**DATASET EXCERPTS:**
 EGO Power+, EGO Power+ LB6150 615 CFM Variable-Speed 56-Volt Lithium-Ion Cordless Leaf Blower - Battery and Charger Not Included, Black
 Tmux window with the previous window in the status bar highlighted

* * *

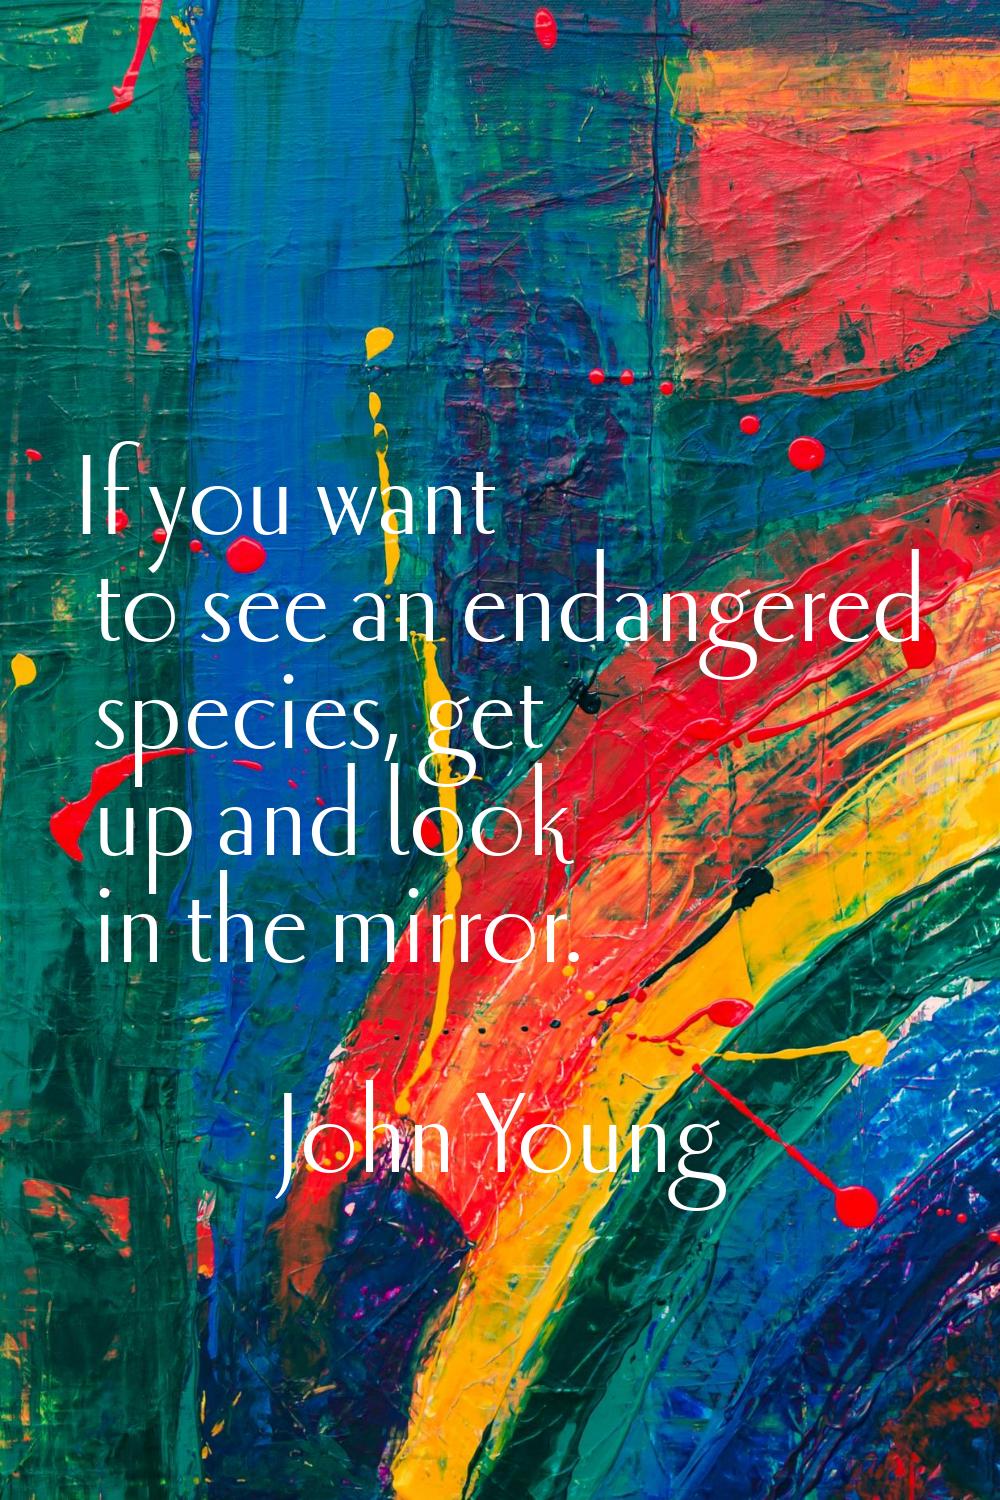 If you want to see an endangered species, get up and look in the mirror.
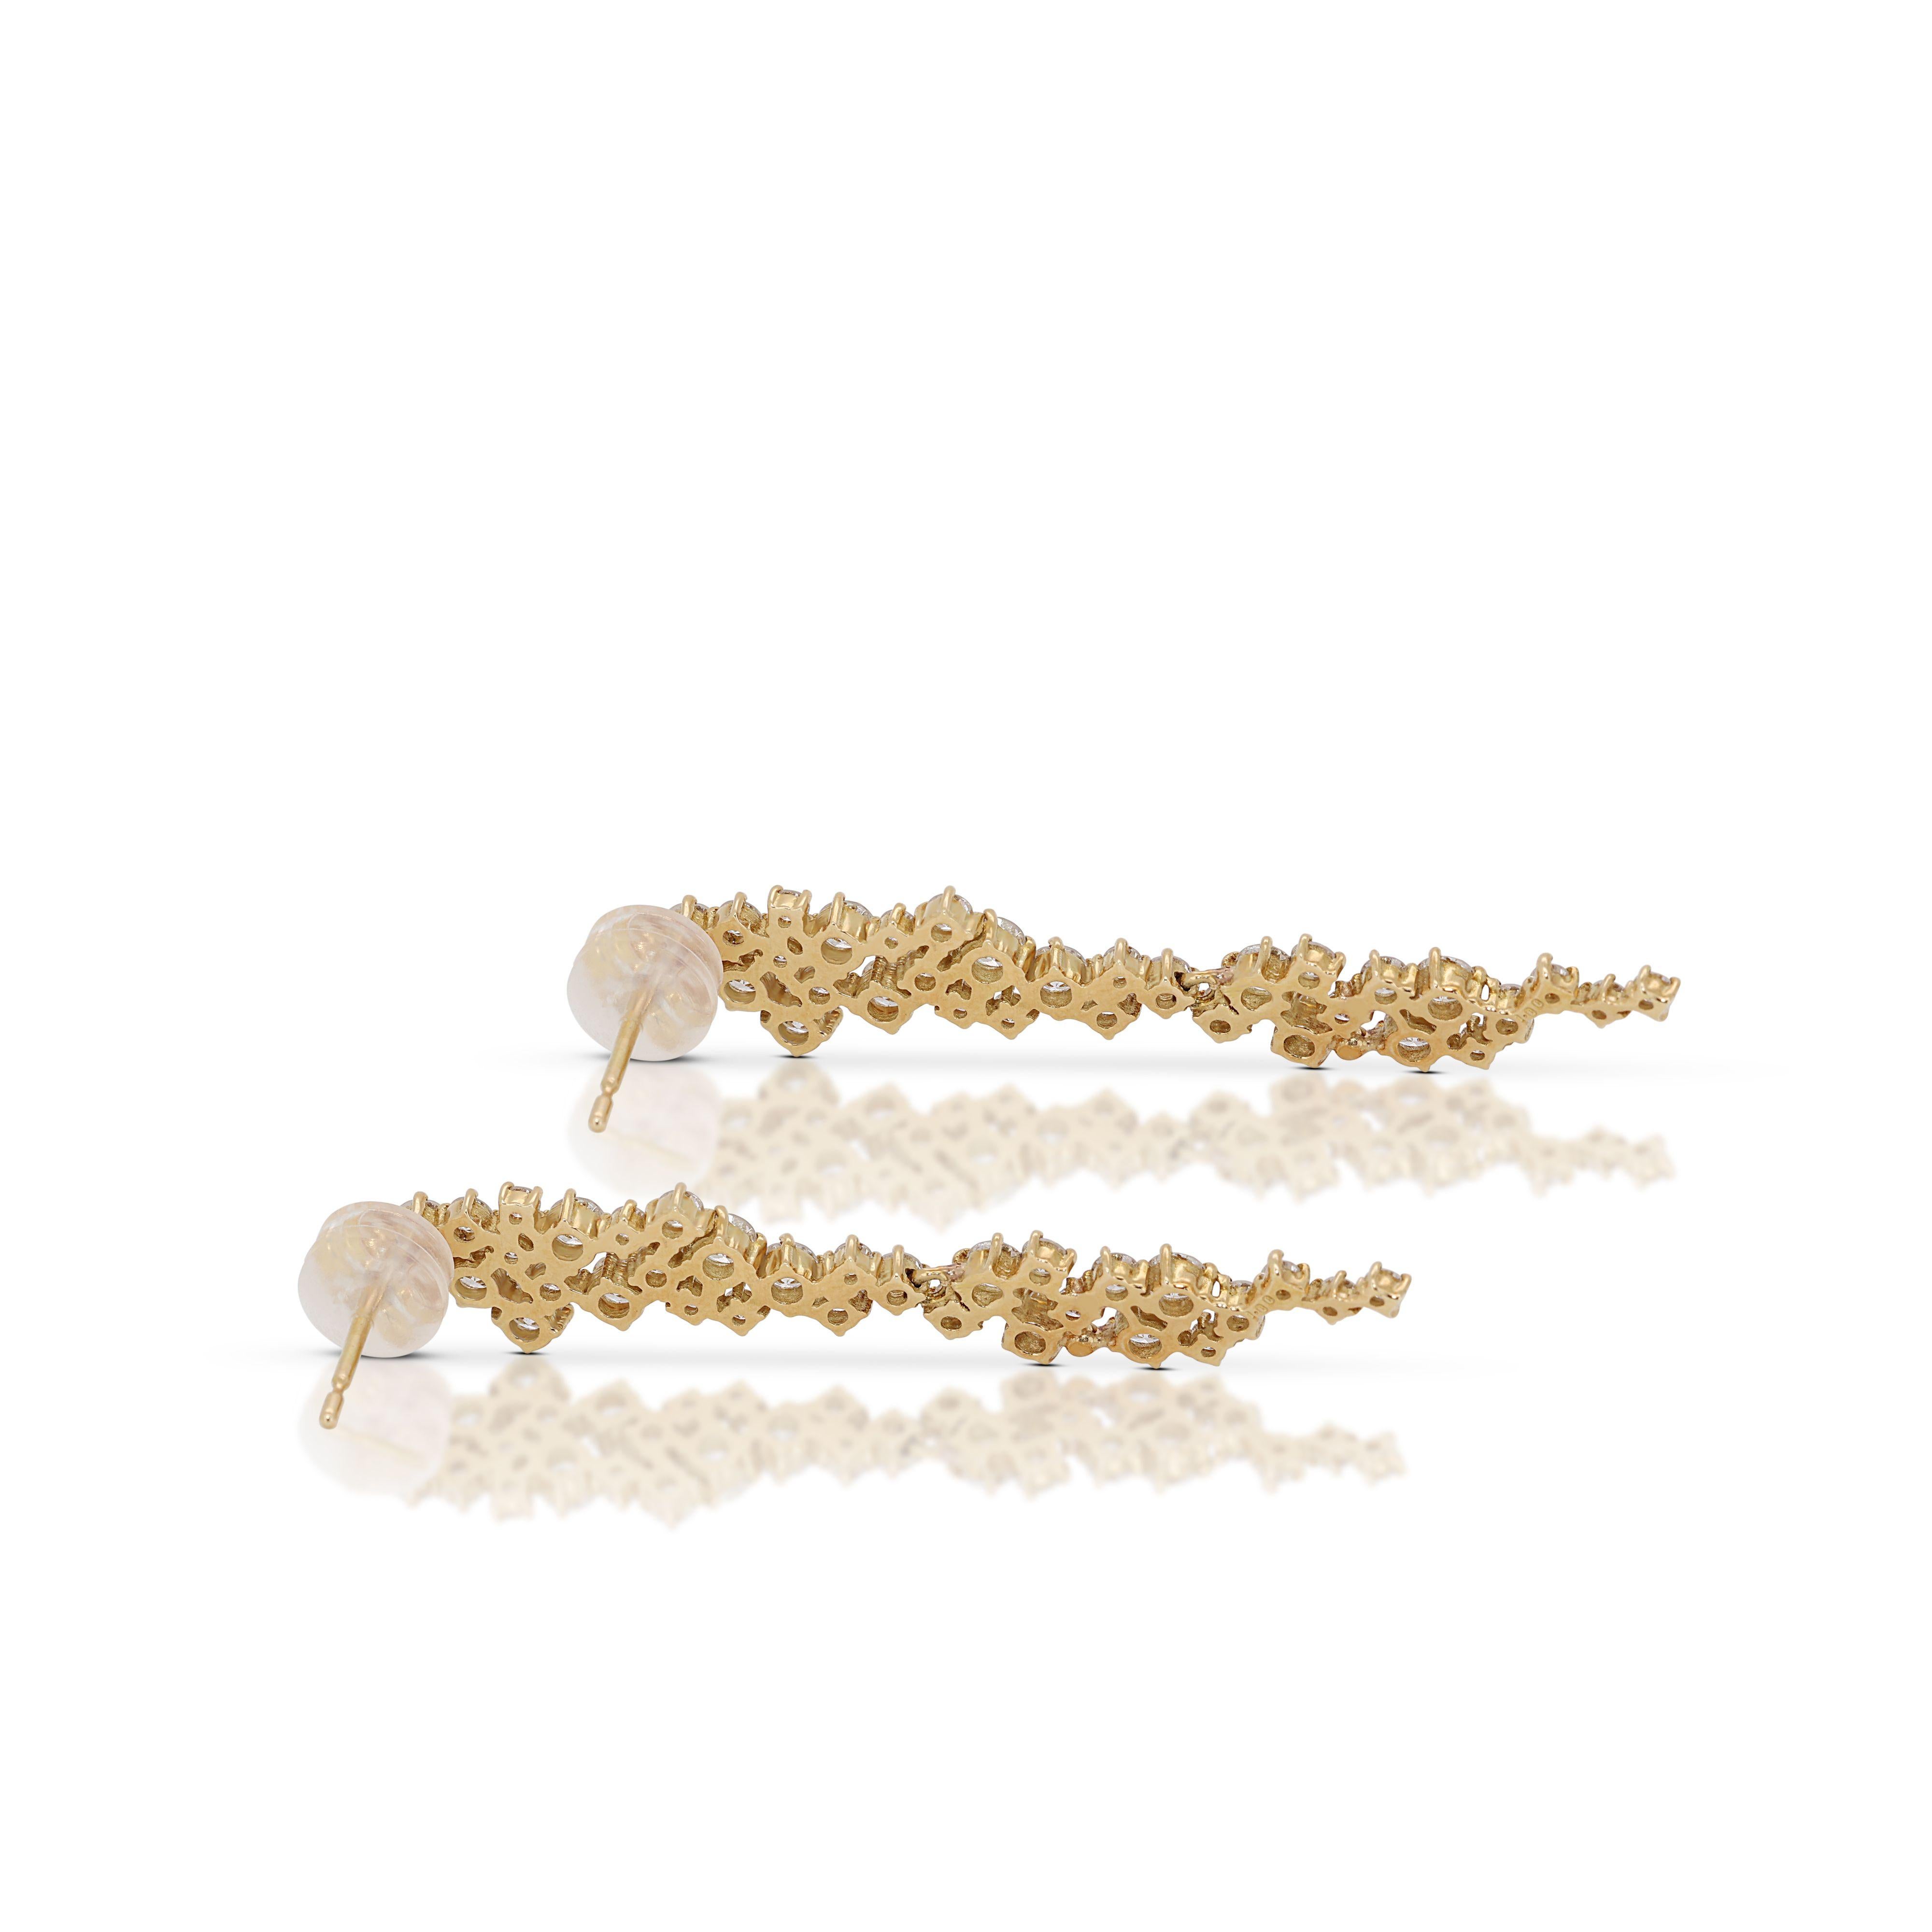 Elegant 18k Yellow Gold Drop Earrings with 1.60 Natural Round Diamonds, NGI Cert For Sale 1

**ACTION ITEM:** Of the lines above, retype only those from the line containing "EGO Power+, EGO" through the line containing "Tmux window with", including both, exactly.

**ANSWER TO THE PROBLEM:**
 EGO Power+, EGO Power+ LB6150 615 CFM Variable-Speed 56-Volt Lithium-Ion Cordless Leaf Blower - Battery and Charger Not Included, Black
 Tmux window with the previous window in the status bar highlighted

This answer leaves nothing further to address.